GIVEN INFORMATION:
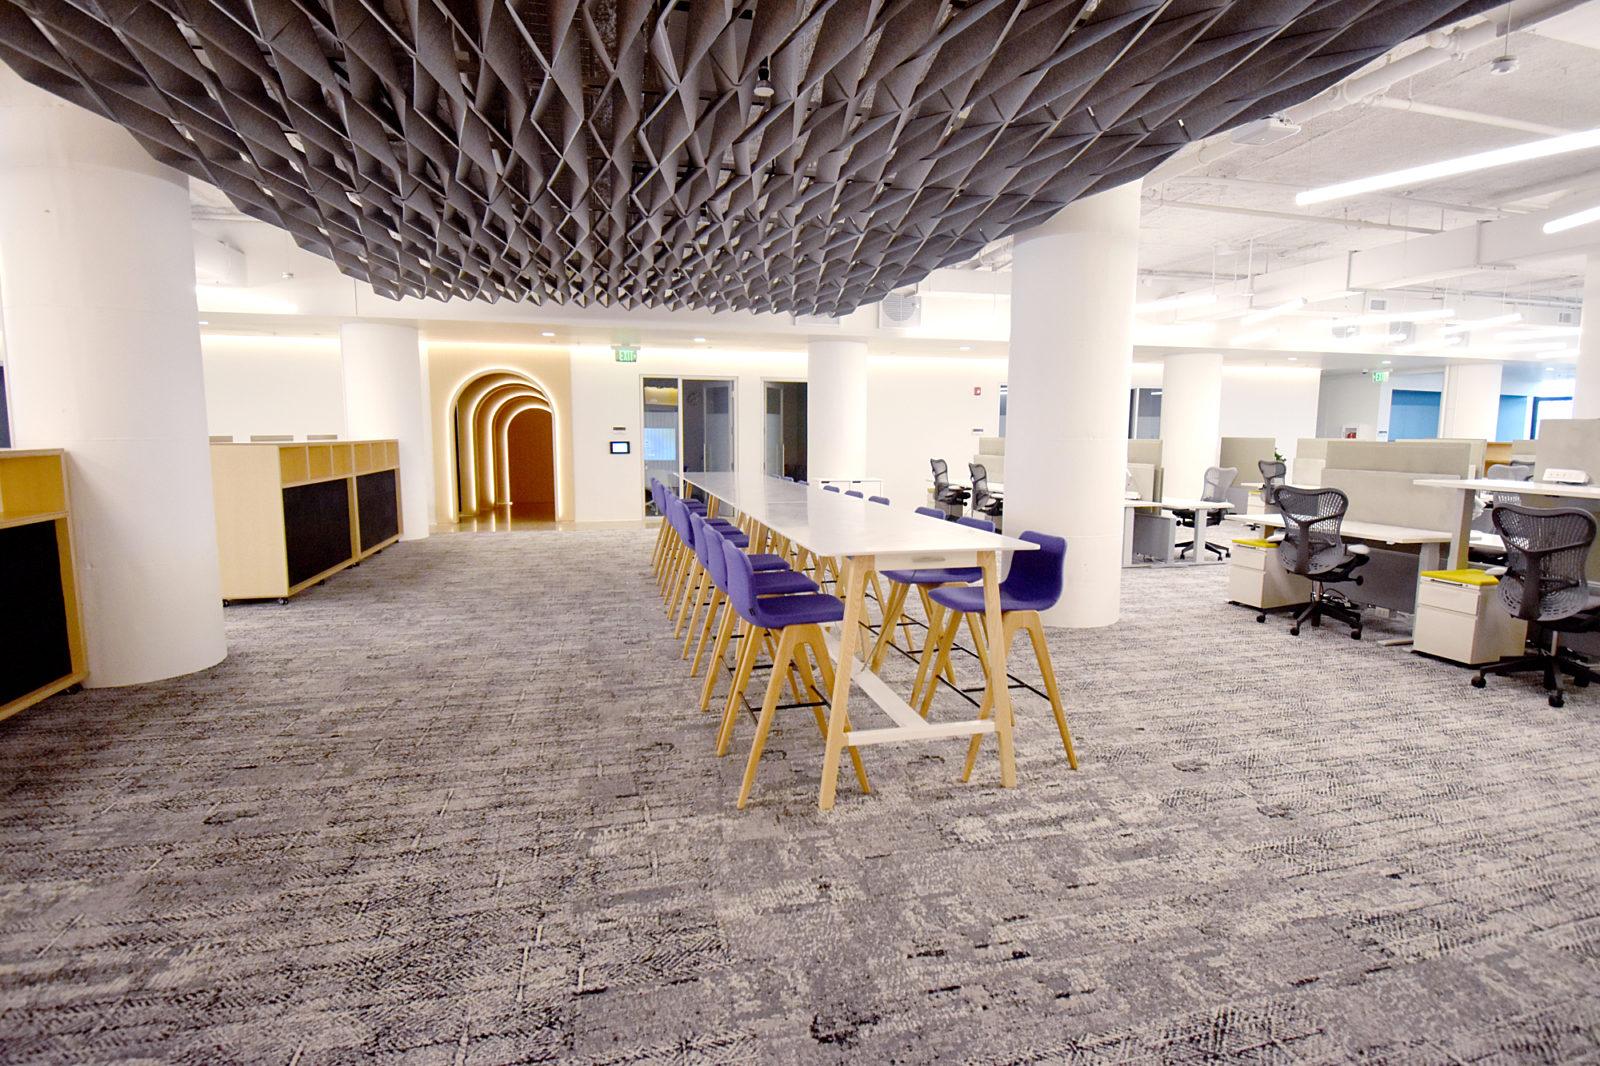 autodesk boston collaboration office furniture architizer design award client
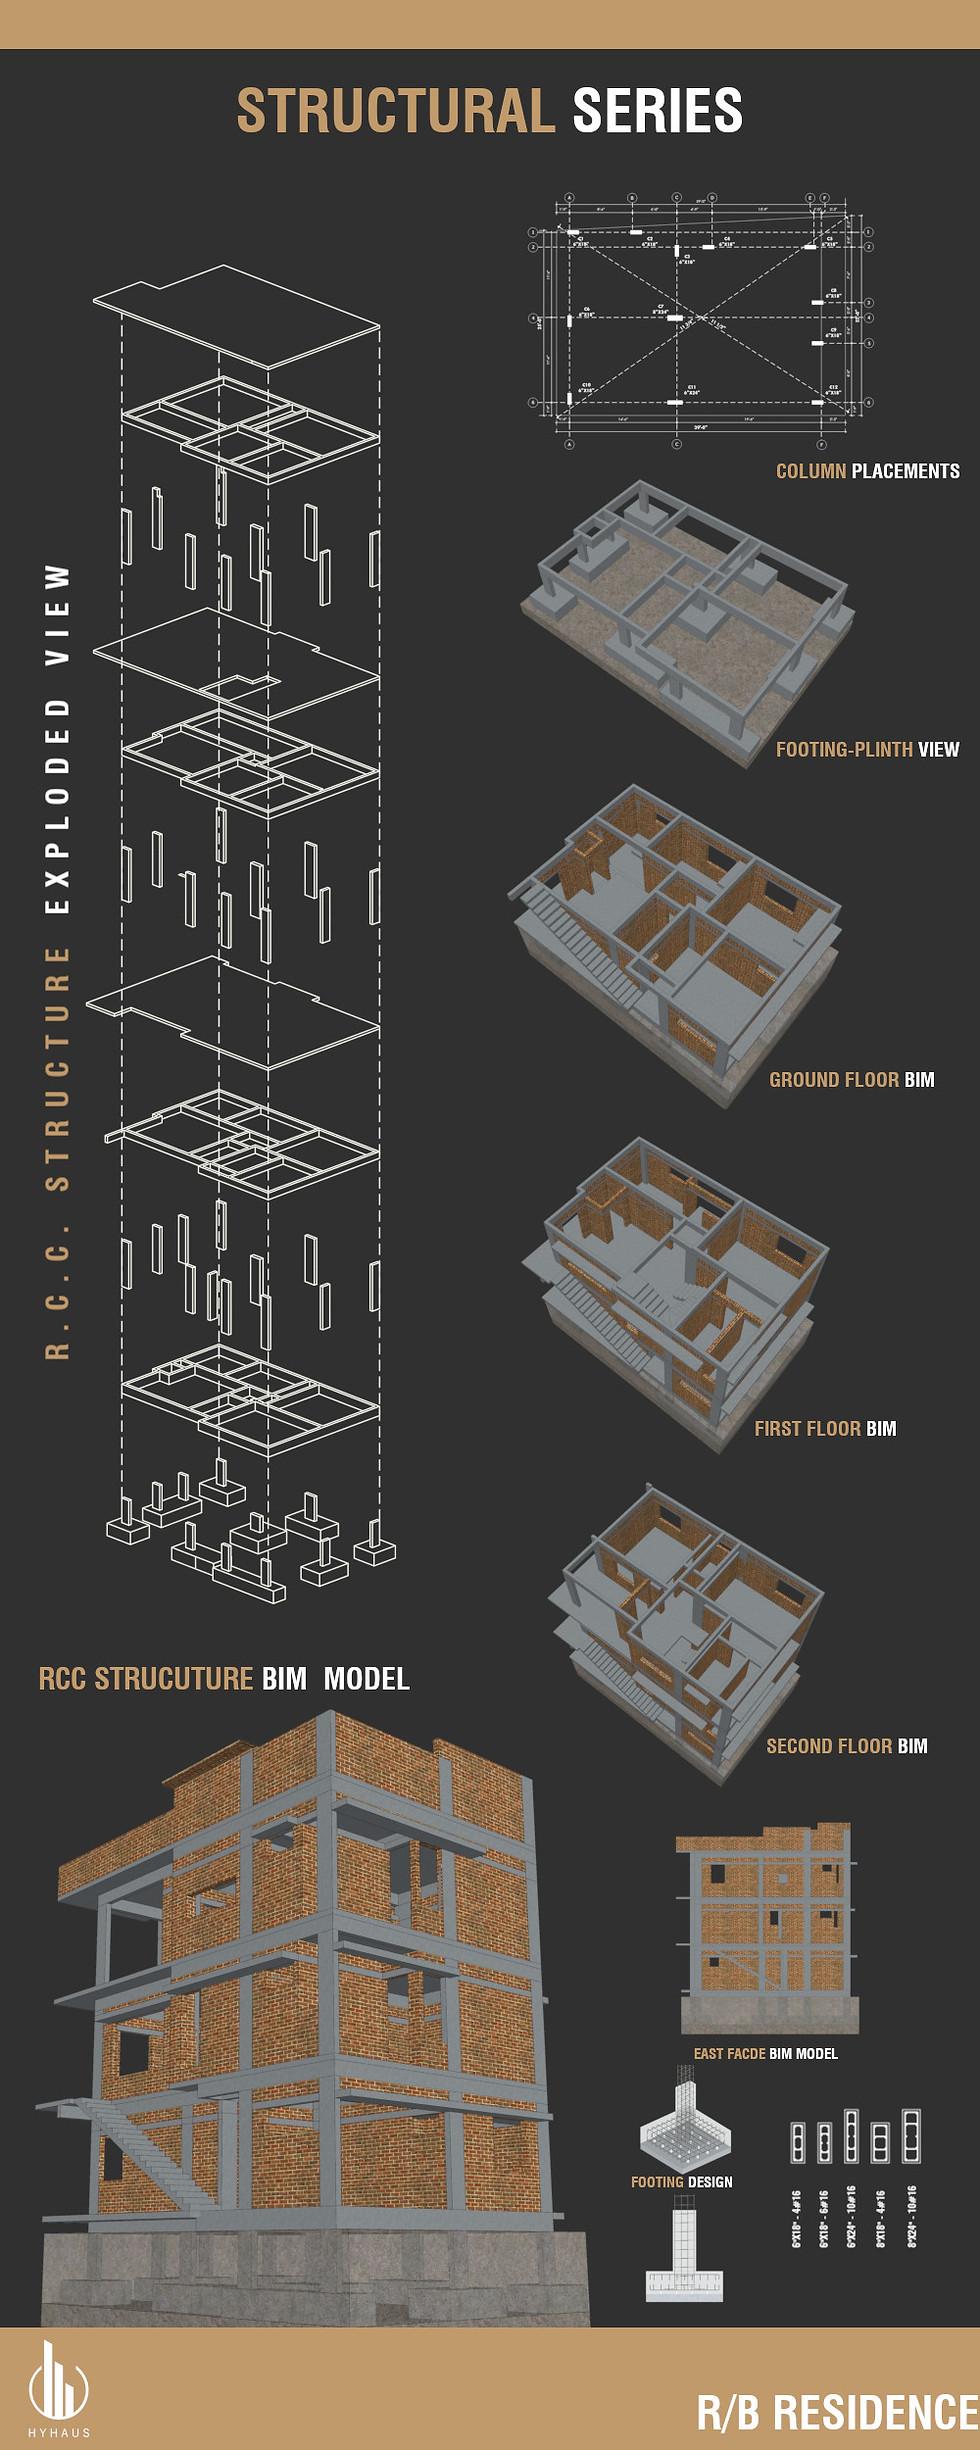 structural series ramesh.jpg
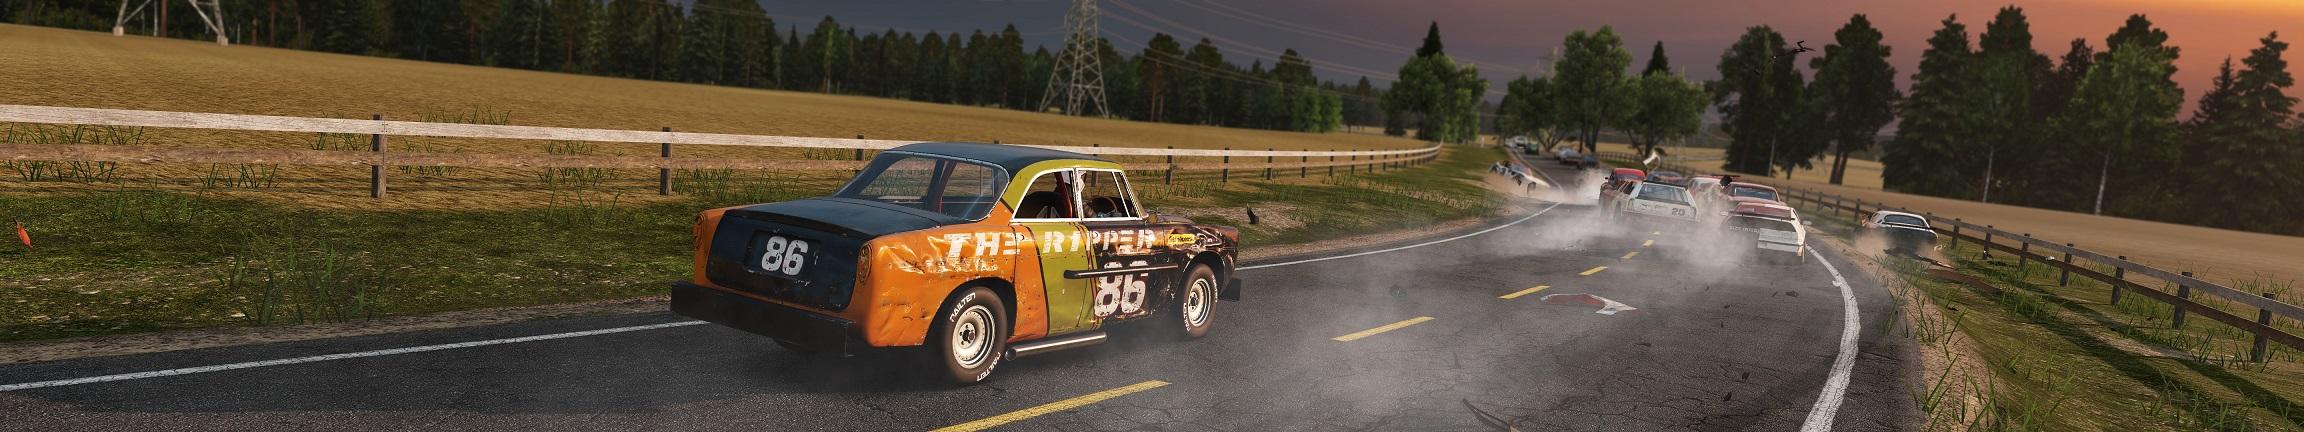 4 WRECKFEST The Very Track Pack FARMALNDS copy.jpg

GOAL OF THE EXERCISE:
Would you copy out all the data exactly, without the images?

RESULT BELOW:
 autodesk boston collaboration office furniture architizer design award client
 structural series ramesh.jpg
 4 WRECKFEST The Very Track Pack FARMALNDS copy.jpg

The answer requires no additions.